Because UV-LED has the advantages of small size, it can be used as the light source of a complete set of UV (ultraviolet) sterilization equipment, which is suitable for the pre-packaging process of mass production of various shapes and structures, and materials. It can be used as an indoor air killer. The UV (ultraviolet) light source of the bacteria machine: suitable for indoor air sterilization and disinfection in households, public places, etc...
UV flame detectors detect fires by detecting ultraviolet rays generated by the burning of substances. In addition to ultraviolet flame detectors, there are infrared flame detectors on the market, which are termed linear beam smoke detectors. Ultraviolet flame detectors are suitable for places that are prone to open flames when a fire occurs. UV flame detectors can be used in places where there is strong flame radiation or no smoldering stage when a fire occurs. The flame detection ultraviolet sensor requires the sensor itself to be resistant to high temperatures.
High-voltage equipment will produce arc discharge due to insulation defects, which will be accompanied by a large amount of light radiation, which contains rich ultraviolet light. By detecting the ultraviolet light radiation generated by arc discharge, the safe operation of high-voltage power equipment can be judged. Ultraviolet imaging is an effective arc discharge detection method, which is intuitive and has good detection and positioning capabilities. However, the signal of ultraviolet light is relatively weak and there are some difficulties in detection.

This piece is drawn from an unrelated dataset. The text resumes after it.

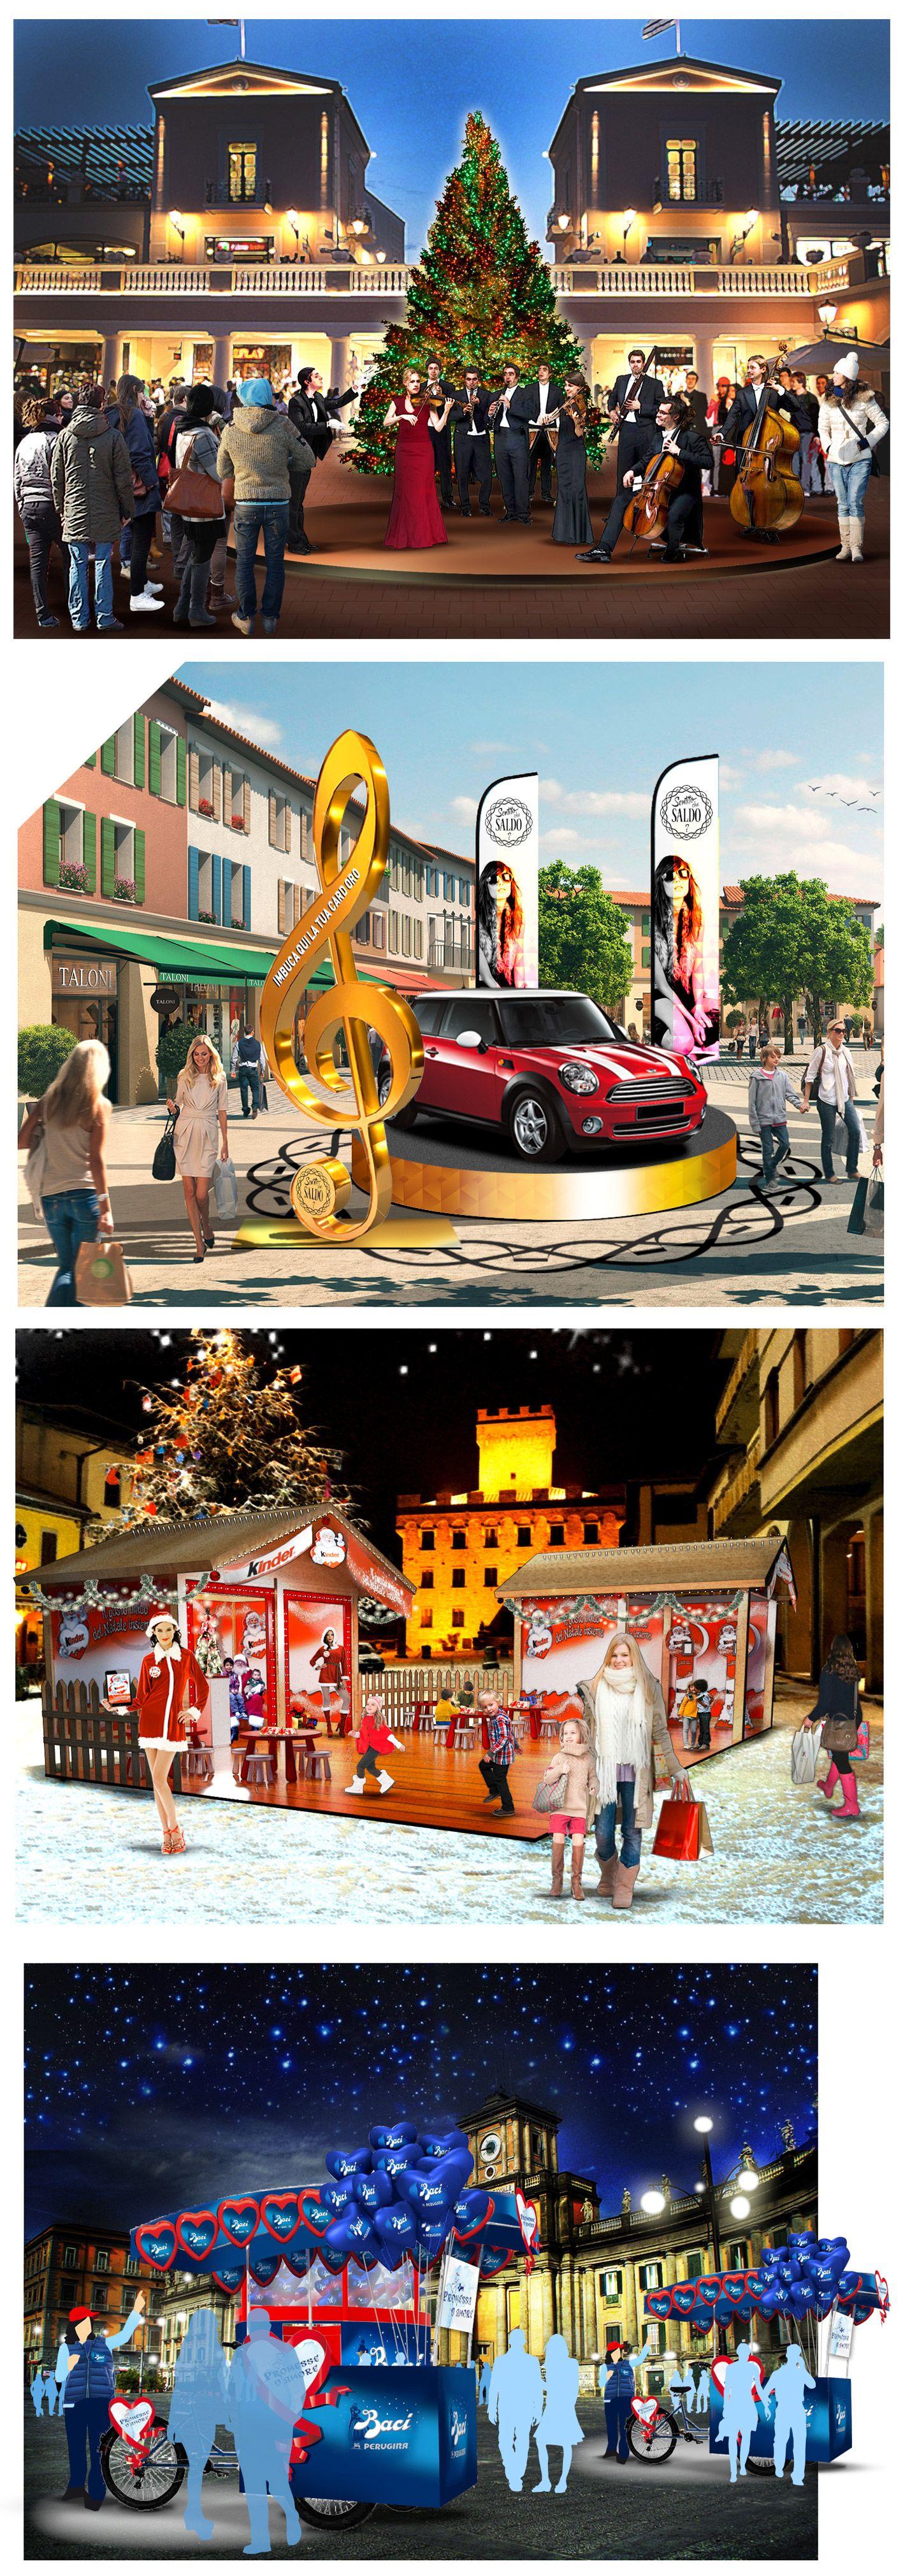 various holiday visuals

Ultraviolet recognition technology mainly uses fluorescent or UV sensors to detect the fluorescent imprinted anti-counterfeiting marks of banknotes and the matte response of banknotes. This type of identification technology can identify most counterfeit currency (such as washed, bleached, and pasted banknotes). This technology is not only used in the recognition of deposits in ATM machines, but also in financial machines such as currency counters and currency detectors. Under normal circumstances, fluorescence and UV are used to carry out all-round reflection and transmission detection of banknotes. According to the different absorption and reflectivity of banknotes and other papers to ultraviolet light, the authenticity can be distinguished. Quantitative identification can also be performed on banknotes with fluorescent imprints.